The internationalisation of higher education comes at the crossroads with education technology’s trajectory. Before the beginning of the twenty-first century, technology did not feature in international higher education initiatives, yet, since 2000, its application in internationalisation has increased (Yemini & Sagie, 2015). Despite a commitment to internationalisation at an institutional level - through, for example, satellite campuses, virtual universities, and articulation routes - considerations of what internationalisation means in practice have traditionally been determined in isolation, by academics seeking to leverage digital capabilities to shape new pedagogies (Starke-Meyerring, 2010). Globally Networked Learning Environments (GNLEs) are international collaborations constructed primarily at the grassroots level within HEIs, and operate separately to high-level discourse about the global campus (Starke-Meyerring, 2007). 

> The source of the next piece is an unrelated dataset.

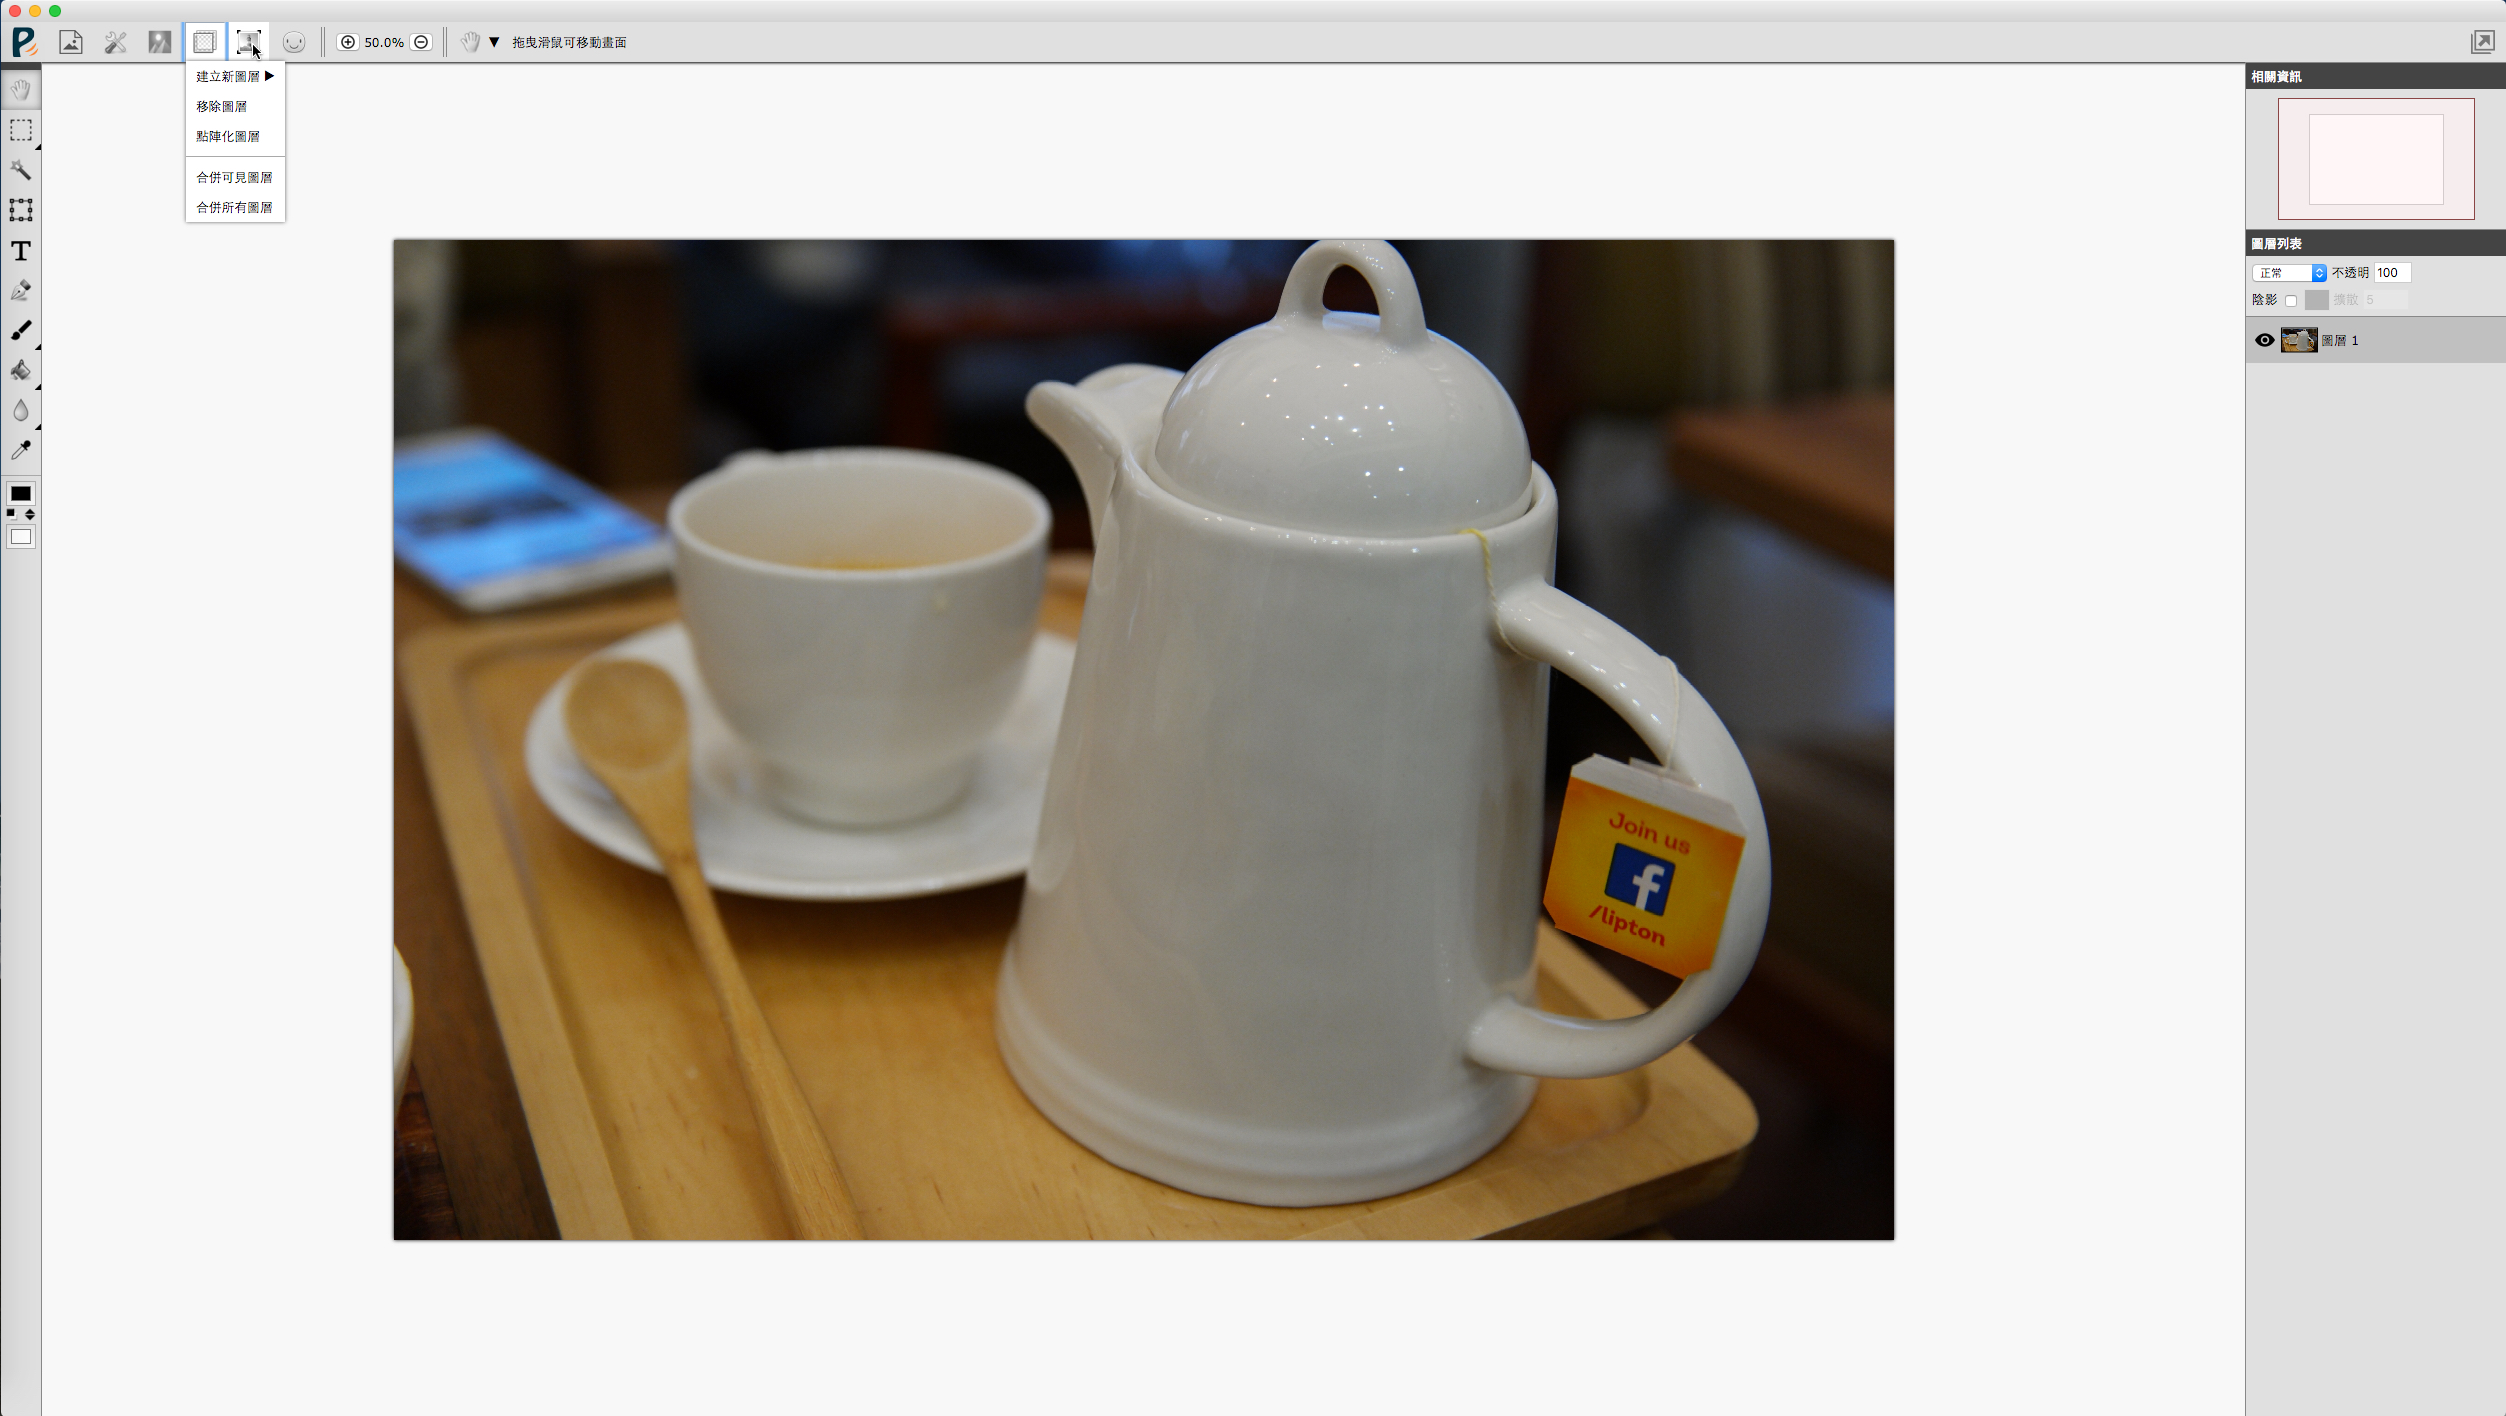 Piconion 影像處理工具，用 Chrome 瀏覽器就能簡單編輯圖片

These networks take multiple forms, including co-creation and delivery of courses across globally distant institutions, often referred to as Collaborative Online International Learning (COIL), to shorter and sharper virtual exchanges which may involve thematic dialogue between geographically and culturally distant cohorts of students. These ventures meet many objectives, including fostering intercultural communication within specific disciplines to cross-disciplinary ventures to professional knowledge exchange through communities of practice (Starke-Meyerring, 2007; Wilson, 2016). GNLEs, and more particularly COILs, embrace co-creation of the curriculum, where students and educators have agency in shaping the globalisation of education at micro-level (Starke-Meyerring, 2010).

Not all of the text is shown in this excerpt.